Teijo Munnich

‘In order to awaken to the truth of life and reality, we first have to become free of our self-imposed restrictions, the delusions which cause us to adhere to the belief that there is something to depend upon that is lasting and that our life is in some way unique. Recognizing impermanence, we are aware of the infinite possibilities that are always present in life, rather than being stuck in our perceptions of what is possible. Being aware of interconnectedness, we naturally experience the support of everything in life. That is what we awaken to and return to in zazen. And this is called jijuyu zanmai.’ (Receiving the Marrow)

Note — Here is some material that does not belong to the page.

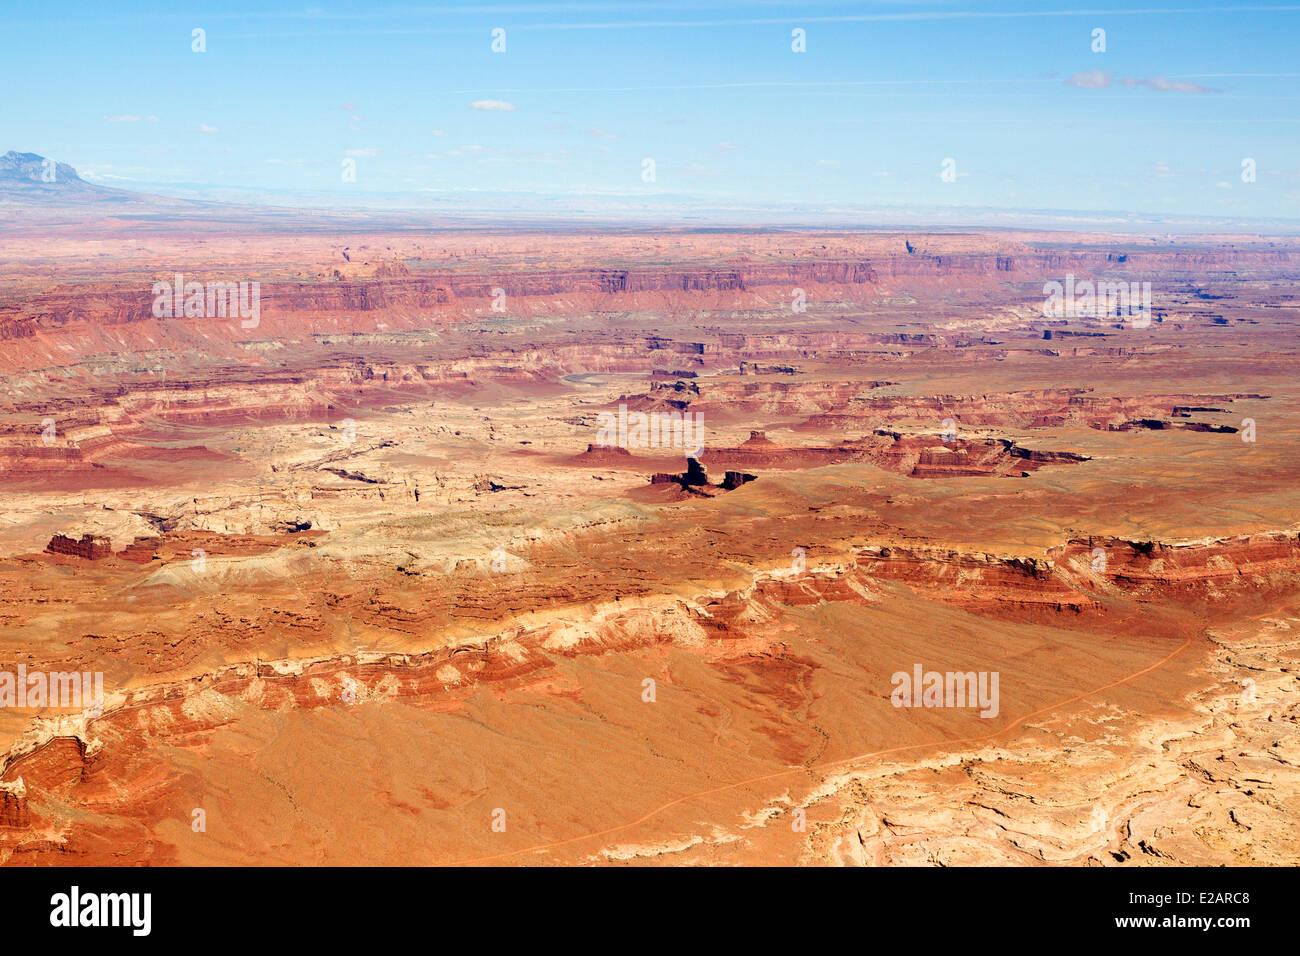 United States, Utah, Canyonland National Park (aerial view) - Stock Image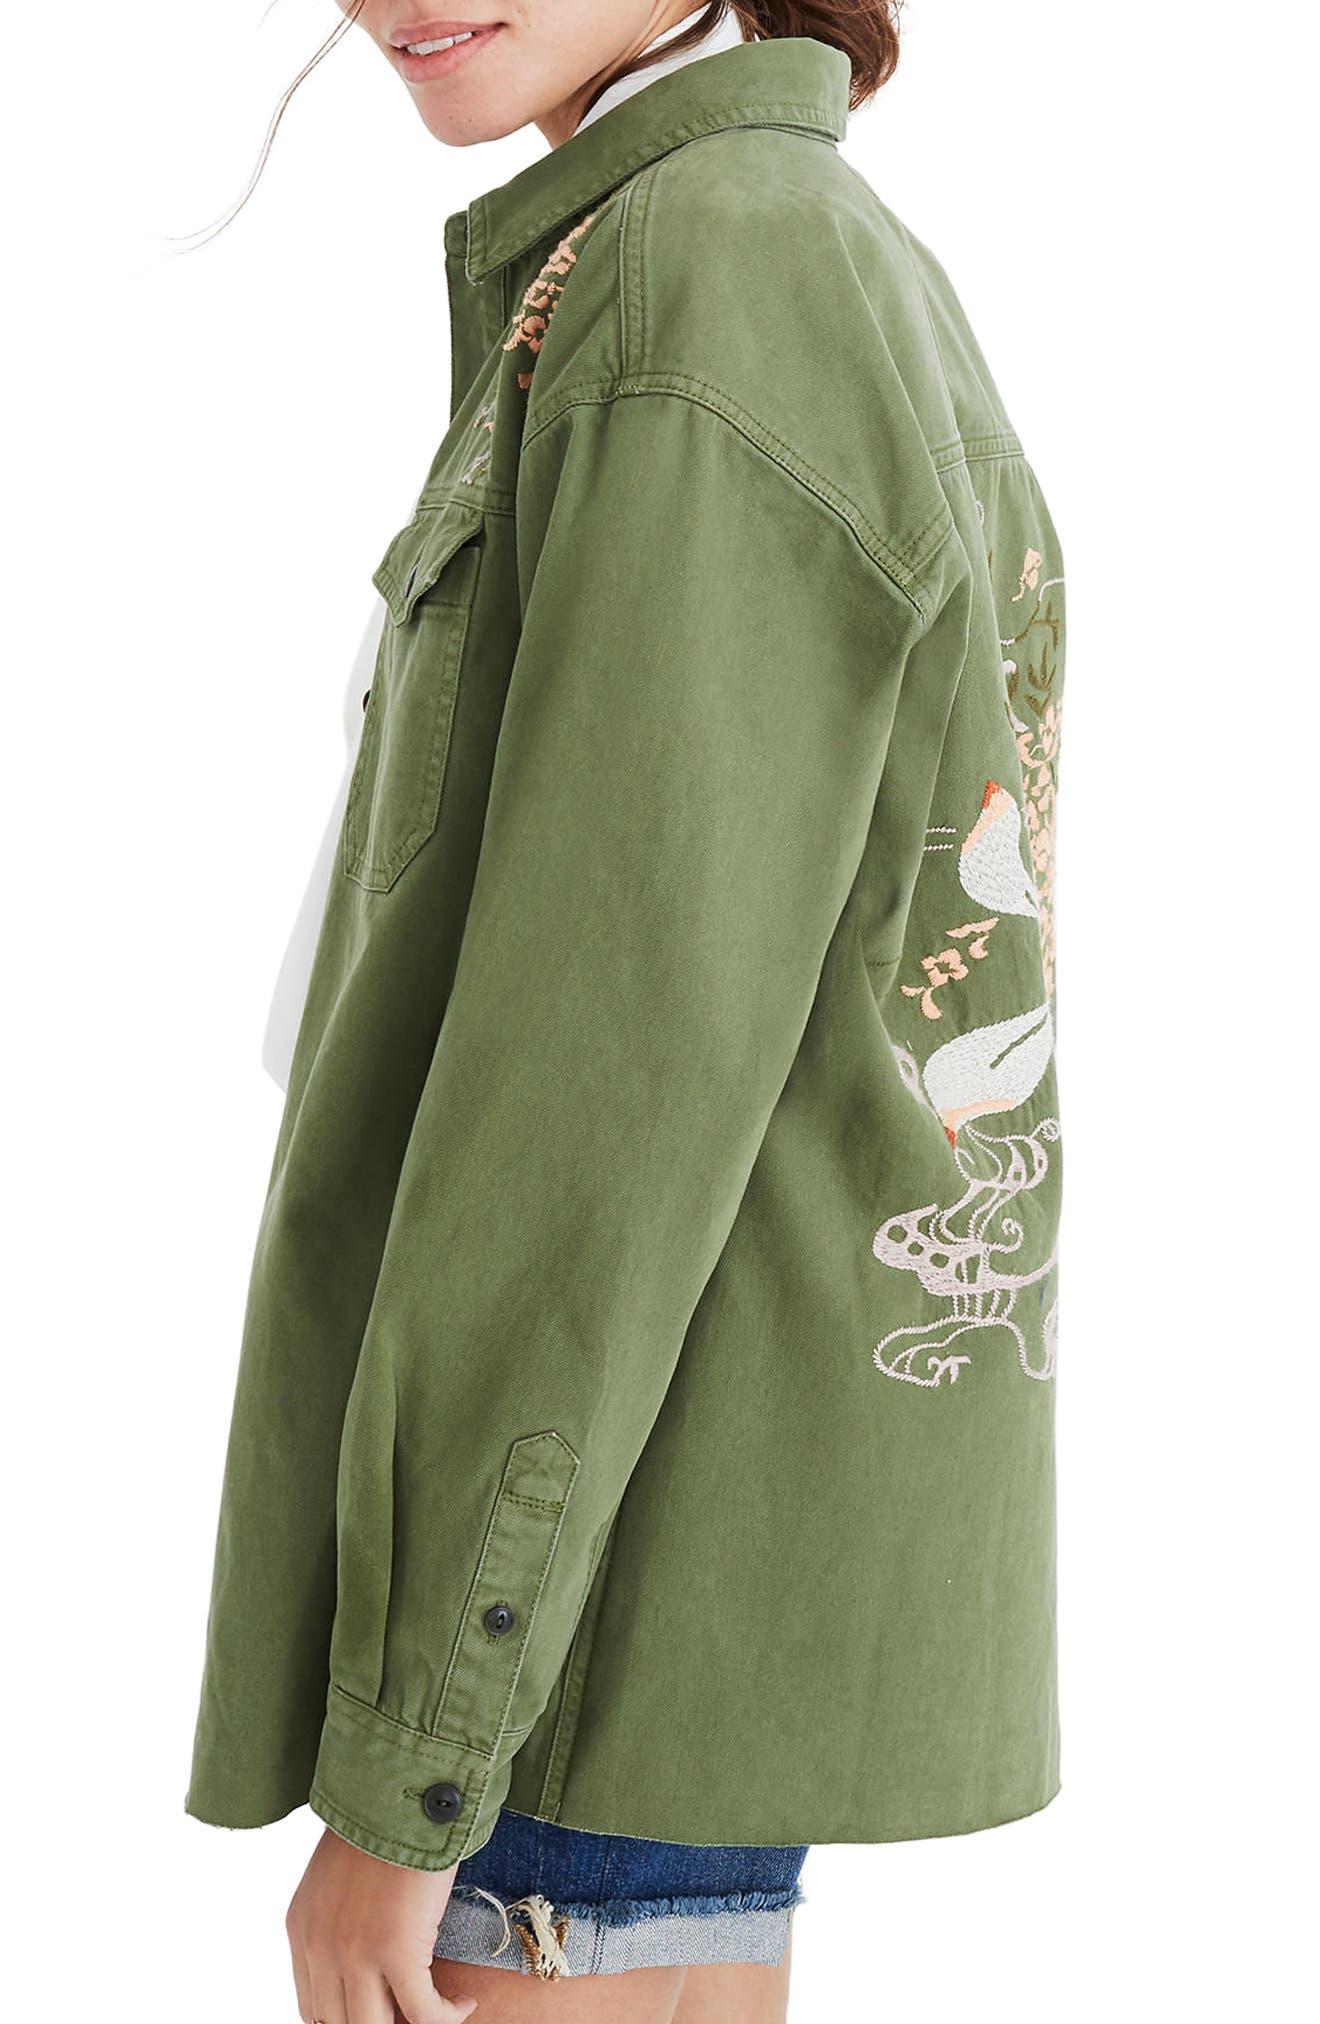 Rabbit Embroidered Shirt Jacket,                             Alternate thumbnail 3, color,                             300

Jijuyu zanmai is not an easy thing to translate. When I was first at Zen Center, we titled the chant that was excerpted from Dogen’s Bendowa as Self-fulfilling Samadhi. This became Self-Receiving and -Employing Samadhi in the consensus version of the chant book, but that still doesn’t make it comprehensible to most people. Recently I have been calling it a virtuous feedback loop, whereby our zazen, our practice-enlightenment, informs and benefits the universe, and the universe informs and benefits our zazen and our practice-enlightenment. Teijo Munnich, in her commentary on the Bendowa, speaks of it as ‘Samadhi of Self receiving or accepting its function’ – and the paragraph I have quoted demonstrates how we do this.